Kalau sudah biasa, turun dari bus antar kota mau ke shelter bus Batik bisa jalan seperti ibu-ibu itu, asal tidak ketahuan Satpam.
 

Setelah berhasil menemukan jalan keluar dan bebas dari provokasi pengemudi taxi saya sampai di Shelter Batik.


Bus Batik, bus ukuran sedang siap mengangkut penumpang dengan tujuan sesuai Koridor.

 

Bus dengan berbagai kombinasi cantik yang menyegarkan pandangan.

Ini dia yang membuat saya hampir jatuh terpelesat karena terkejut, sebuah Angkot maju dan berhenti di Shelter. Bukan sembarang Angkot tetapi Angkot dengan cat batik, Angkot dalam armada angkutan Batik. Lama saya ternganga melihat pemandangan ini. Inovasi transportasi apa yang sedang dijalankan oleh Pak Wali bersama Ka Dinas Perhubungannya. Saya jadi ingat bagaimana Angkot di Jombang jadi kolaps karena sepeda motor yang boleh diangsur pembeliannya. Dulu orang menunggu Angkot, sekarang Angkot mencari penumpang. Kondisi serupa terjadi juga di Surabaya. Mungkin dengan cara seperti di Solo ini, pengemudi Angkot mendapatkan penghasilan meskipun Angkotnya kosong asal berjalan sesuai koridor. Saya berharap ada kesempatan lagi ke Solo untuk sekedar omong-omong dengan mereka.......

Akhirnya bus Batik Koridor 6 warna biru jurusan Tirtonadi - Solo Baru menghampiri Shelter.

Dipintu masuk, diatas dashboard ada perangkat "Taping" eMoney. Saya melakukan taping dengan karti Brizi .... ngik.... berarti sukses akses dan saya masuk bus yang dingin dan duduk dibelakang.

Dalam perjalanan saya mengamati setiap penumpang yang masuk, ternyata tidak semua melakuikan "taping", nyelonong masuk dan duduk. Mas Pengemudi juga tidak menegur atau memberi peringatan apa-apa. Lhoooo huenak tenan.........hehehehehe.(dalam kesempatan kemudian, saya baru tahu kalau emoney saya tidak berkurang saldonya, Maturnuwun Pak Wali...maturnuwun sanget.)

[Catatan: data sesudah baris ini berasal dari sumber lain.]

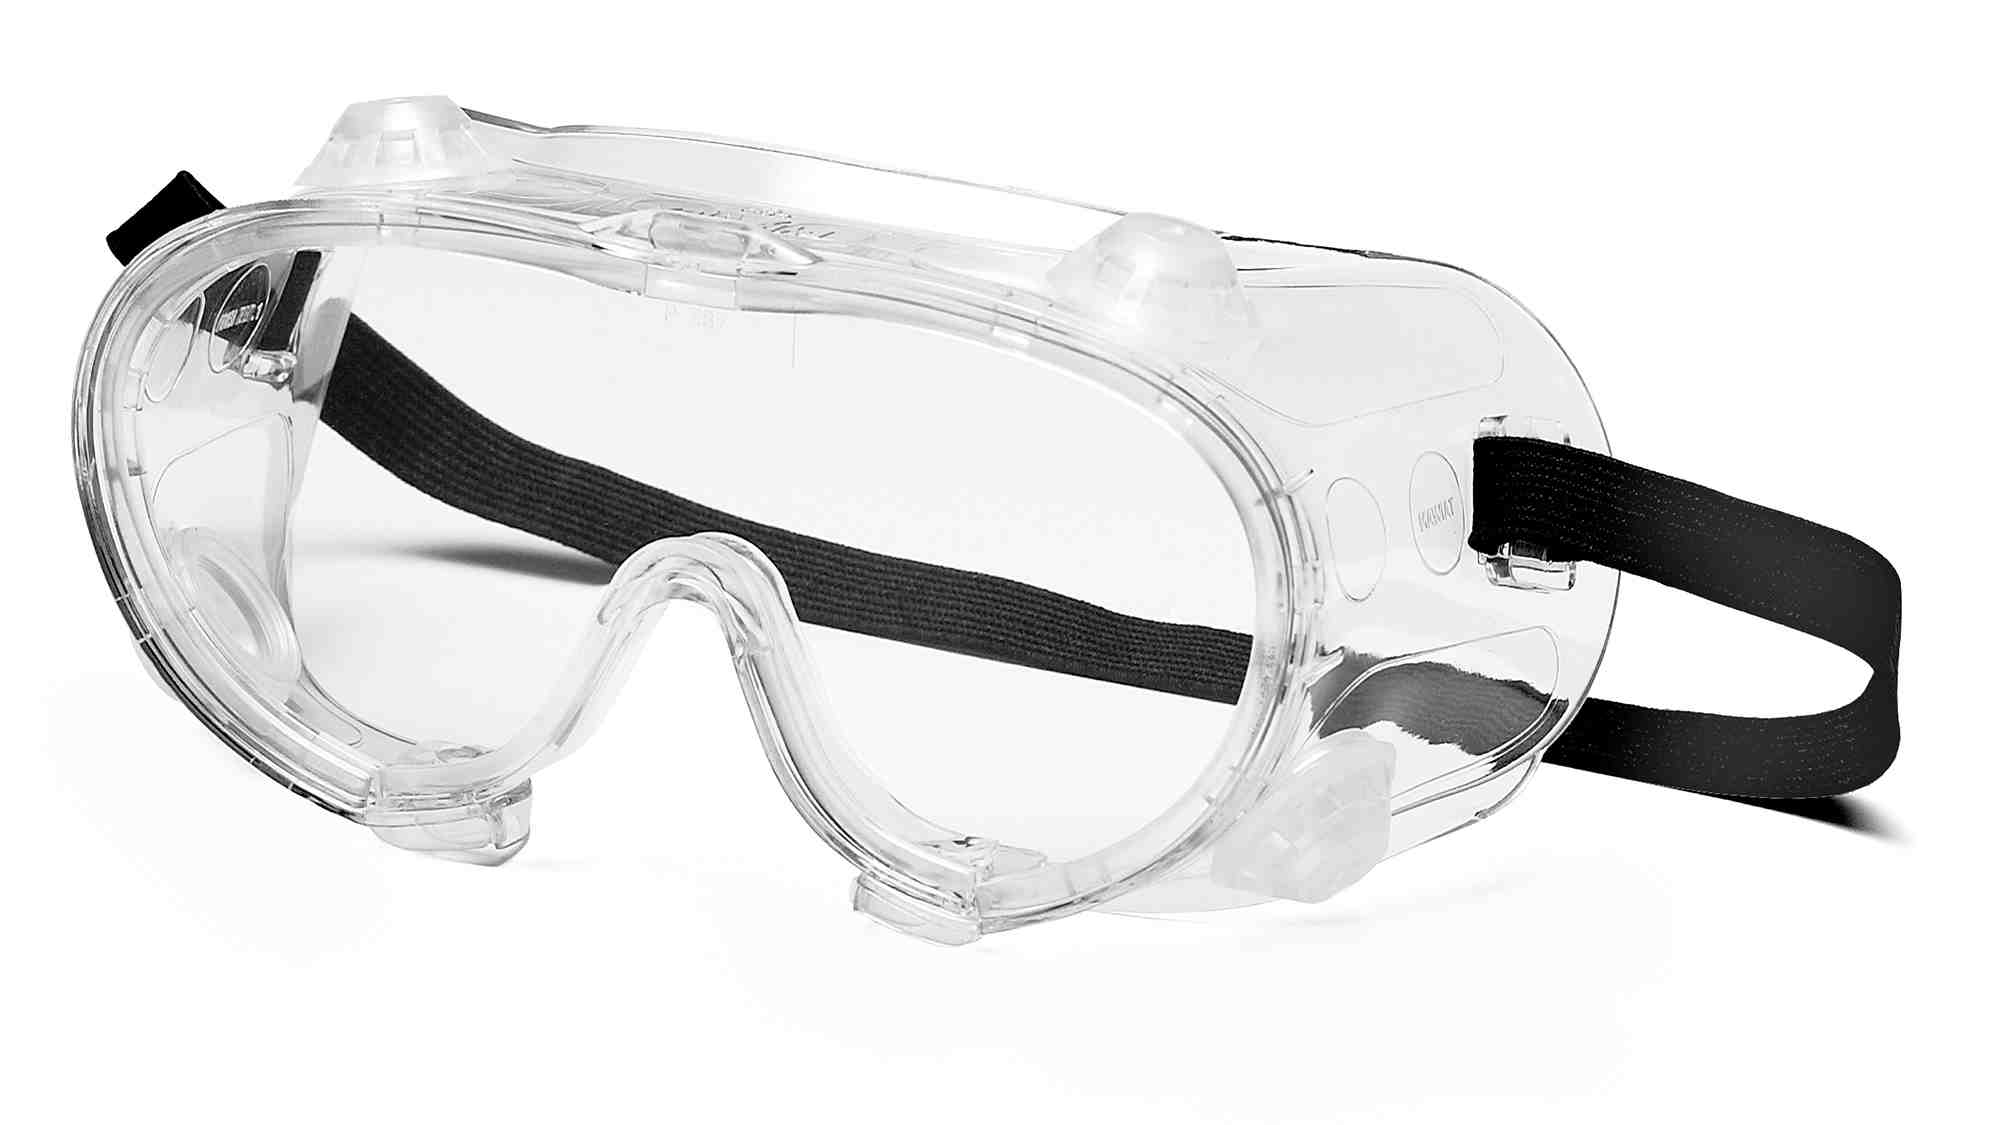 Очки защитные красные. ANSI Z87.1 очки. Очки защитные g-07-130 Clear. Очки газосварщика ANSI Z87.1. Очки газосварщика Ампаро премиум (222503).

Turun bus lewat tangga sederhana, tidak seperti yang saya lihat ditempat saya, ada shelter mewah tapi bis-nya tidak ada.

Hati-hati, tapi kelihatannya stabil, kok.

Kadang juga bertemu dengan sekeluarga meskipun beda warna. Tentunya karena berbeda koridor.

Dalam perjalanan saya selalu mengamati Google Map, supaya tidak salah turun, dan kelihatannya memang saya harus turun di Halte Taman.

Ternyata saya adalah orang terakhir yang melakukan check in. Selamat sore sahabat-sahabatku.